The Markowitz paradigm, also termed as the mean-variance paradigm, is often characterized as dealing with portfolio risk and (expected) return

[1, 2, 3]

. A typical example of risk concerns in the current online market is the evolution of prices of the digital and cryptocurrencies (bitcoin, litecoin, ethereum, dash, and other altcoins etc). Variance plays a base model for many risk measures. Here, we address variance reduction problems when several decision-making entities are involved. When the decisions made by the entities influence each other, the decision-making is said to be interactive (interdependent). Such problems are termed as game problems. Game problems in which the state dynamics is given a linear stochastic system with a Brownian motion and a cost functional that is quadratic in the state and the control, is often called the linear-quadratic Gaussian (LQG) games.
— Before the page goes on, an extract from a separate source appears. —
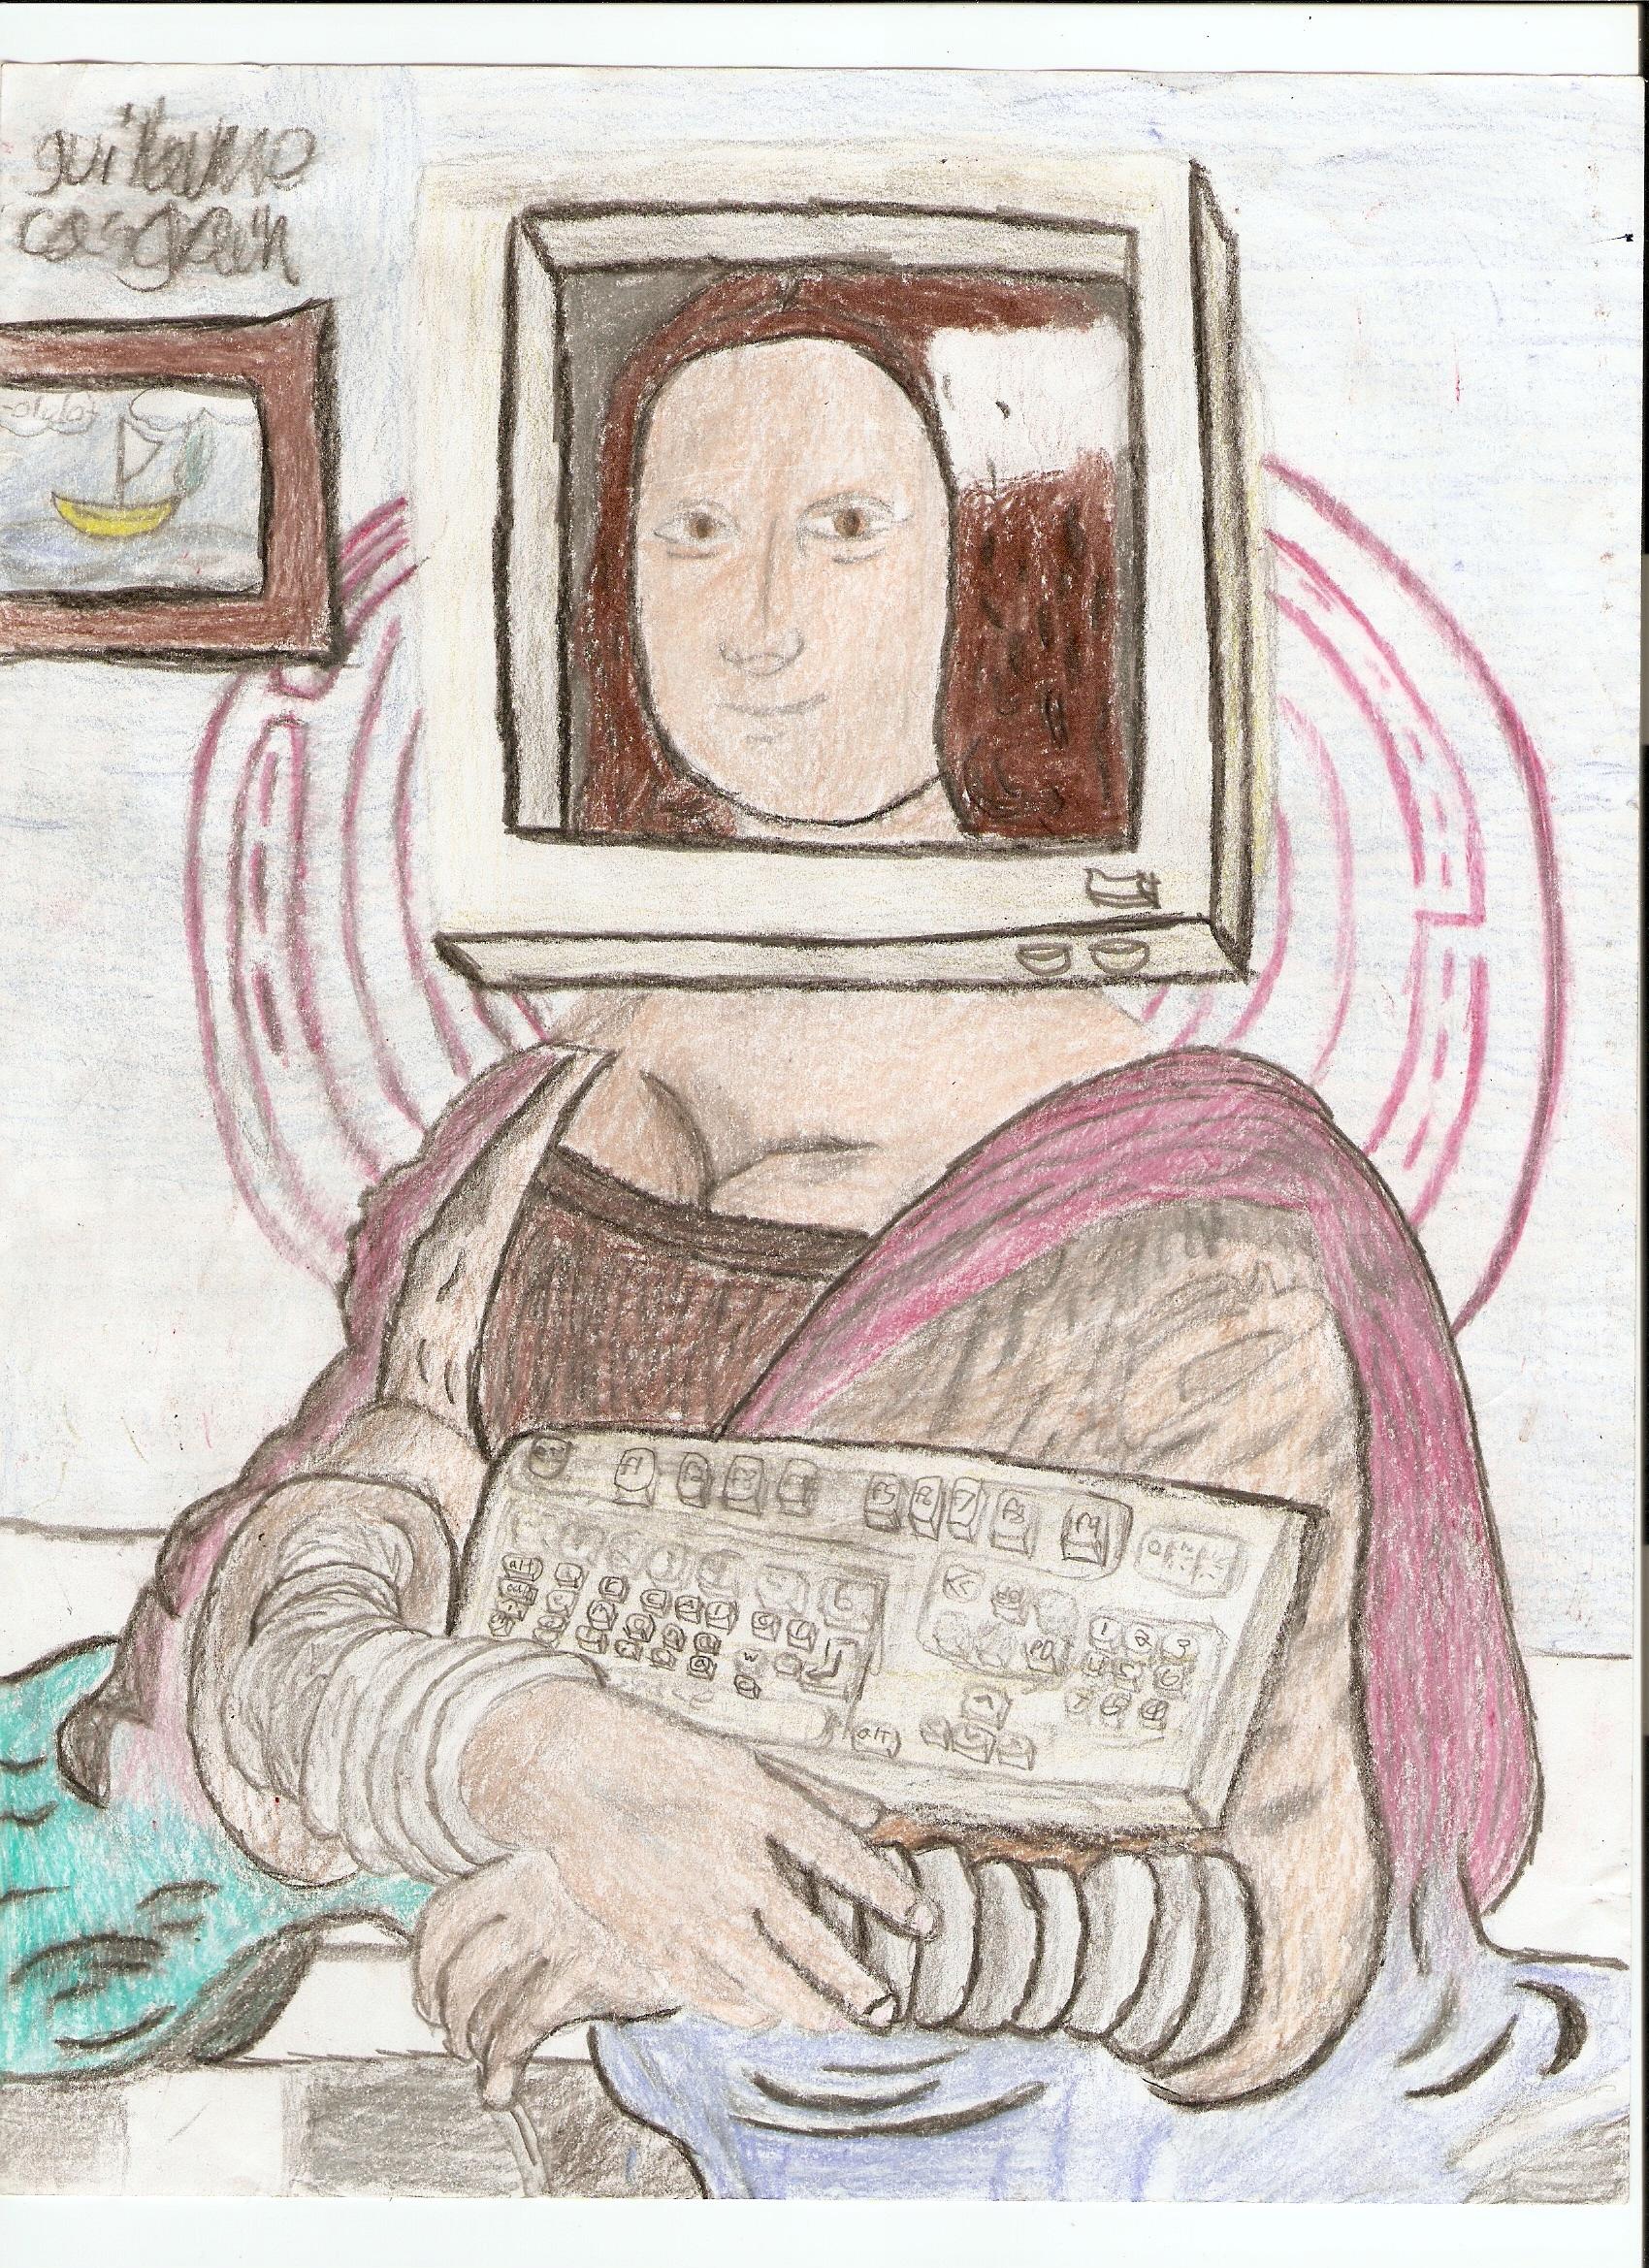 Mona Lisa remake

For generic LQG game problems under perfect state observation, the optimal strategy of the decision-maker is a linear state-feedback strategy which is identical to an optimal control for the corresponding deterministic linear-quadratic game problem where the Brownian motion is replaced by the zero process. Moreover the equilibrium cost only differs from the deterministic game problem’s equilibrium cost by the integral of a function of time. However, when the diffusion (volatility) coefficient is state and control-dependent, the structure of the resulting differential system as well as the equilibrium cost vector are modified. These results were widely known in both dynamic optimization, control and game theory literature. For both LQG control and LQG zero-sum games, it can be shown that a simple square completion method, provides an explicit solution to the problem. It was successfully developed and applied by Duncan et al.

[4, 5, 6, 7, 8, 9] in the mean-field-free case. Moreover, Duncan et al. have extended the direct method to more general noises including fractional Brownian noises and some non-quadratic cost functionals on spheres and torus. Inspired by applications in engineering (internet connexion, battery state etc) and in finance (price, stock option, multi-currency exchange etc) were not only Gaussians but also jump processes (Poisson, Lévy etc) play important features, the question of extending the framework to linear-quadratic games under state dynamics driven by jump-diffusion processes were naturally posed. Adding a Poisson jump and regime switching may allow to capture in particular larger jumps which may not be captured by just increasing diffusion coefficients. Several examples such as multi-currency exchange or cloud-server rate allocation on blockchains are naturally in matrix form.

The main goal of this work is to investigate whether Direct Method can be used to solve matrix-valued risk-sensitive and adversarial robust mean-field-type game problems which are non-standard problems [10]. To do so, we modify the state dynamics to include conditional mean-field terms which are

  • the conditional expectation of the matrix-valued state with respect to the filtration of the common noise which is a regime switching process, is added to the drift, diffusion, and jump coefficient functionals.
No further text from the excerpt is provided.